For this purpose, ReTV developed a tool that
automatically summarises full-length videos into
short clips that convey the narrative of the entire
video. The tool is built around video analysis and
summarisation services that shorten a video into a
selection of shots that portray key moments in the
story (Apostolidis, Metsai, Adamantidou, Mezaris,
Patras, 2019). Since summarisation does not take into
account audio elements (the selected shots might be
cut in the middle of the sentence), the summarised
videos are muted.
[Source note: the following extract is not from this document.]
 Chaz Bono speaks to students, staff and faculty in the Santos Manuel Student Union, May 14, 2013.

The tool also provides creative
editing functions, allowing users to add overlaying
images, text, audio or subtitle track as well as edit the
sequence of shots in the video.
To perform the first round of evaluations with
professionals from media archives and broadcasting
organisations, the tool was tested with a selected
number of archival newsreel content from the
Netherlands Institute for Sound and Vision collection
(accessible via https://openbeelden.nl/.en). All videos
were between 2-5 minutes long and were summarised
into 20-30 second clips.
Users indicated that automatic summarisation
would significantly reduce the efforts needed to
manually edit videos before publishing them online
and would encourage their organisations to share
more content on social media. The evaluation results
imply that although the summarised videos accurately
conveyed the narrative of the original video, the loss
of audio track was seen as a negative trade-off.
Testers suggested that audio analysis could be
performed to provide suggestions for overlaying text
and subtitles as well as descriptions accompanying
videos. This is particularly pertinent in cases where
subtitles are not available. Testers also expressed that
they would like to manually control certain editor
parameters that would determine the outcomes of
video summarisation (e.g. adjust the length of shots
in the summary).
Our future work will focus on further adapting
video summaries to suit various content genres,
publication channels and various audiences, e.g.
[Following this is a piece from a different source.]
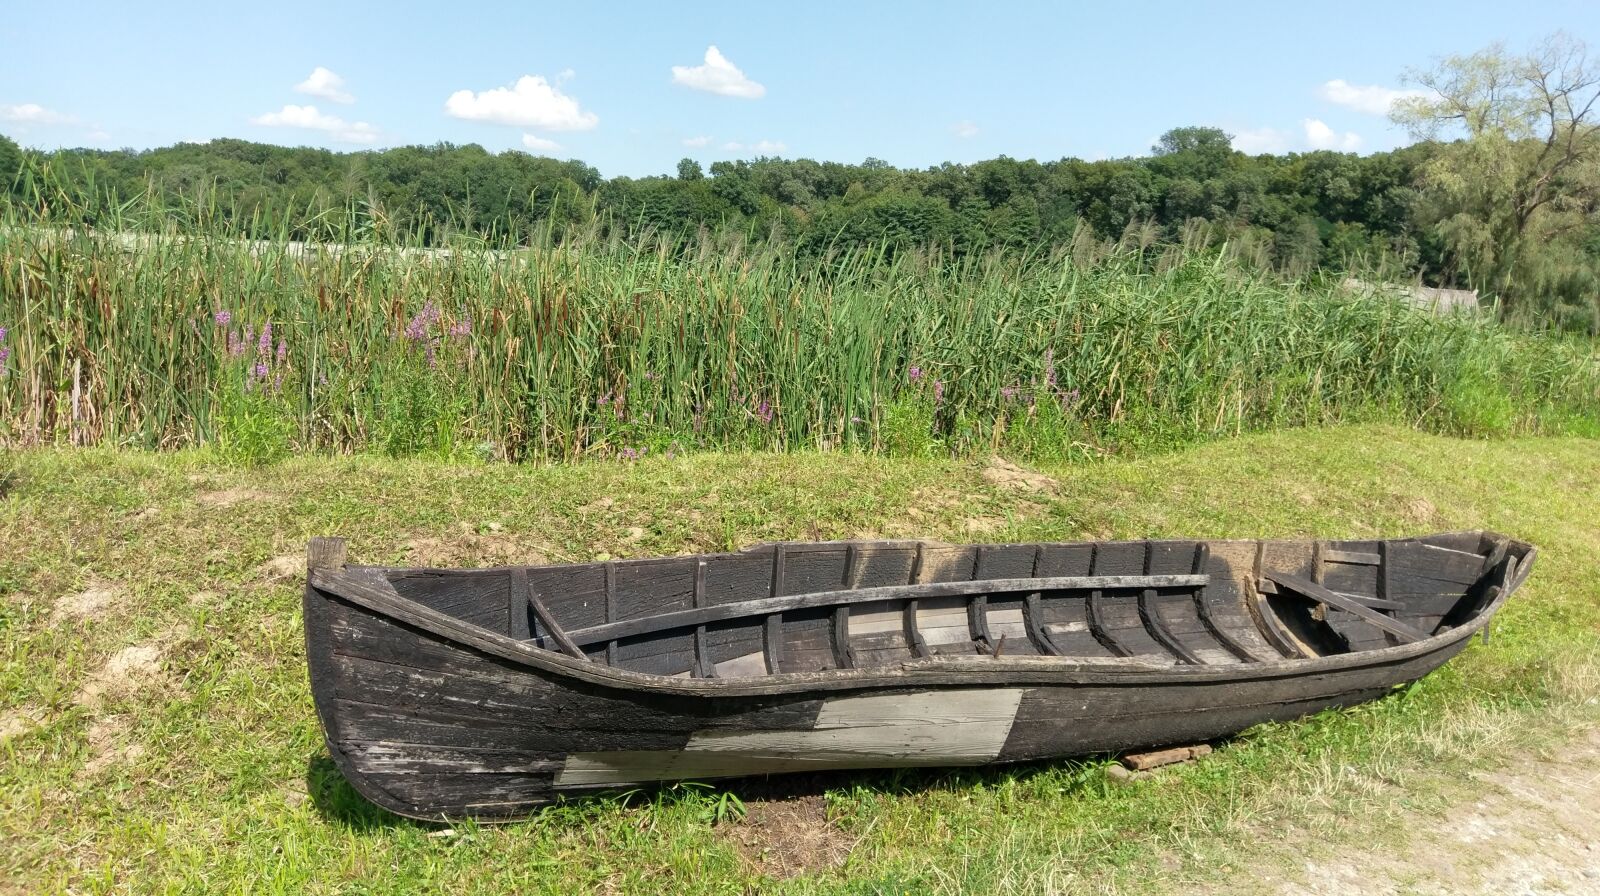 HTC 10 sample photo. Wreck, boat, grass photography

creating different length summaries for different
social media platforms, making different versions of
the same video that target different audiences,
perform summarisation for multiple videos.
Additionally, ReTV will introduce additional
components for audio analysis and text editing that
would complement visual analysis services. To
further evaluate the quality of video summarisations,
ReTV will perform tests with consumers and monitor
their engagement with summarised content.
3.2 Personalised Video Delivery
Further building on the idea that AI can adapt
broadcaster collections to different online publication
channels, the second use case explores how
audiovisual content could be customised to a single
person. The concept of personalising user experience
is already established in the broadcasting and media
industries - over-the-top (OTT) platforms like
Netflix, video-on-demand and streaming platforms
like YouTube have adopted systems that track
viewing patterns and match them with available
content to make content recommendations for each
individual user, in this way keeping users engaged for
prolonged time and returning to consume more
content (Covington, Adams, Sargin, 2016; Lund, Ng,
2018). It is harder for media archives to achieve the
same effect since their online collection portals are
less concerned with entertainment and more with
presenting digital collections in a contextualised,
informative and educational form. Therefore, to
ARTIDIGH 2020 - Special Session on Artificial Intelligence and Digital Heritage: Challenges and Opportunities
508
benefit from personalisation, media archives need
alternative channels to distribute their content.
This use case investigates how archives can
personalise their audiovisual collections using AI-
driven video analysis and distribute content to
audiences using digital communication channels. The
fine-grained video analysis creates affordances for a
more precise matching between user’s profile and
video content - retrieving relevant content for the user
based on scene- and shot-level analysis rather than
recommending content based on semantic
relationships between video titles. This opens
possibilities to match individual segments of archival
content to particular users. Additionally, AI-driven
video summarisation can be employed to give users
an initial overview of recommended content and help
them decide whether they are interested in watching
it.
To determine what kind of personalised content
users would like to receive from a media archive and
on what criteria such personalisation should be based,
ReTV developed a chatbot that delivers archival
video content. Chatbot was selected as the most
appropriate channel for distribution since it allows us
to collect accurate data for building personal profiles.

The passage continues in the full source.